Molecular and spatial epidemiology of human campylobacteriosis: source association and genotype-related risk factors
MULLNER P., SHADBOLT T., COLLINS-EMERSON JM., MIDWINTER AC., SPENCER SEF., MARSHALL J., CARTER PE., CAMPBELL DM., WILSON DJ., HATHAWAY S., PIRIE R., FRENCH NP.
SUMMARYThe epidemiology of human campylobacteriosis is complex but in recent years understanding of this disease has advanced considerably. Despite being a major public health concern in many countries, the presence of multiple hosts, genotypes and transmission pathways has made it difficult to identify and quantify the determinants of human infection and disease. This has delayed the development of successful intervention programmes for this disease in many countries including New Zealand, a country with a comparatively high, yet until recently poorly understood, rate of notified disease. This study investigated the epidemiology of Campylobacter jejuni at the genotype-level over a 3-year period between 2005 and 2008 using multilocus sequence typing.
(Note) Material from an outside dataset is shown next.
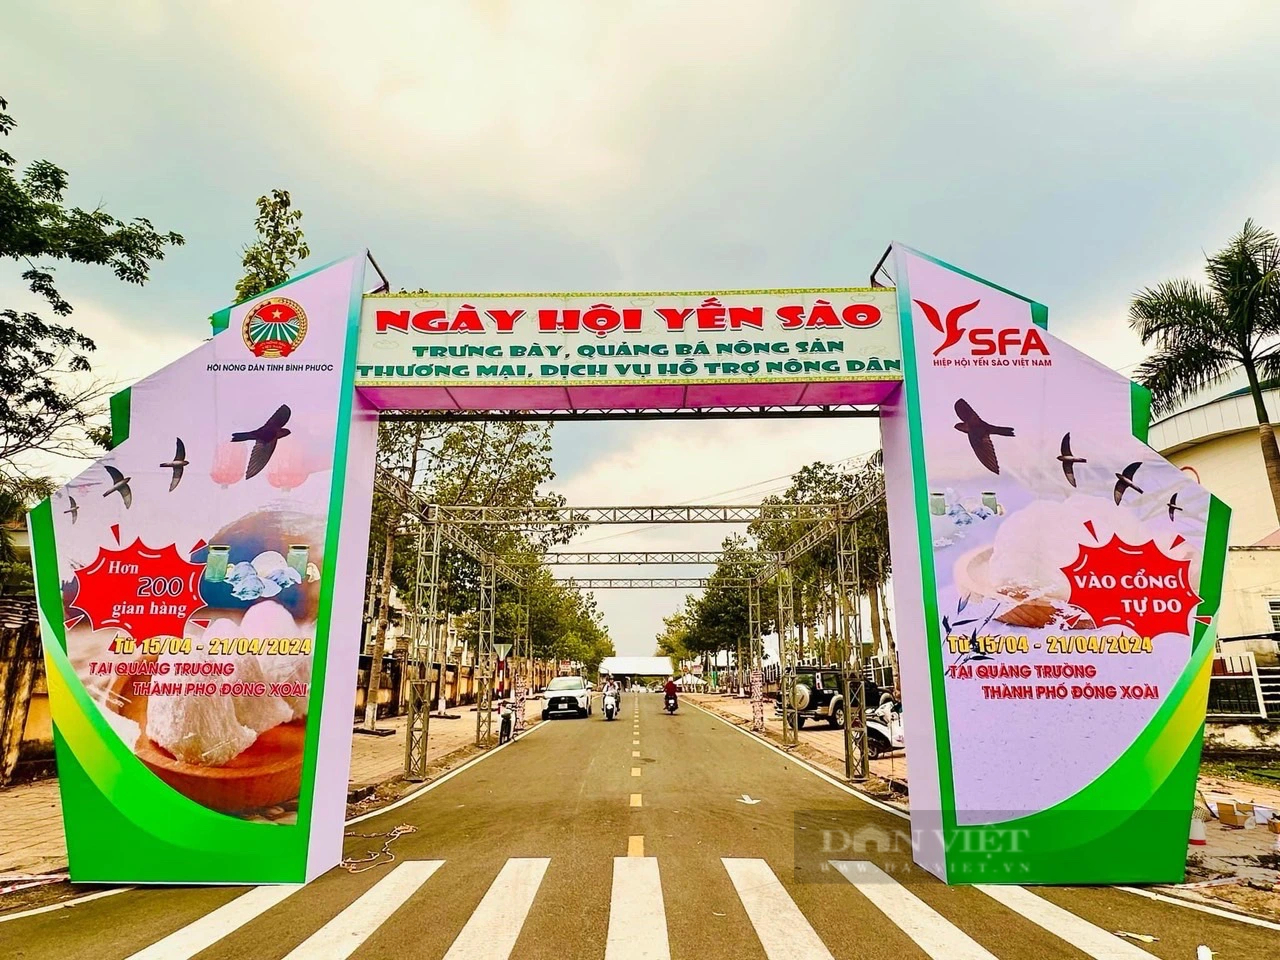 Sắp diễn ra ngày hội của những nông dân nuôi loài chim tiền tỷ ở Bình Phước- Ảnh 1.

By combining epidemiological surveillance and population genetics, a dominant, internationally rare strain of C. jejuni (ST474) was identified, and most human cases (65·7%) were found to be caused by only seven different genotypes. Source association of genotypes was used to identify risk factors at the genotype-level through multivariable logistic regression and a spatial model. Poultry-associated cases were more likely to be found in urban areas compared to rural areas. In particular young children in rural areas had a higher risk of infection with ruminant strains than their urban counterparts. These findings provide important information for the implementation of pathway-specific control strategies.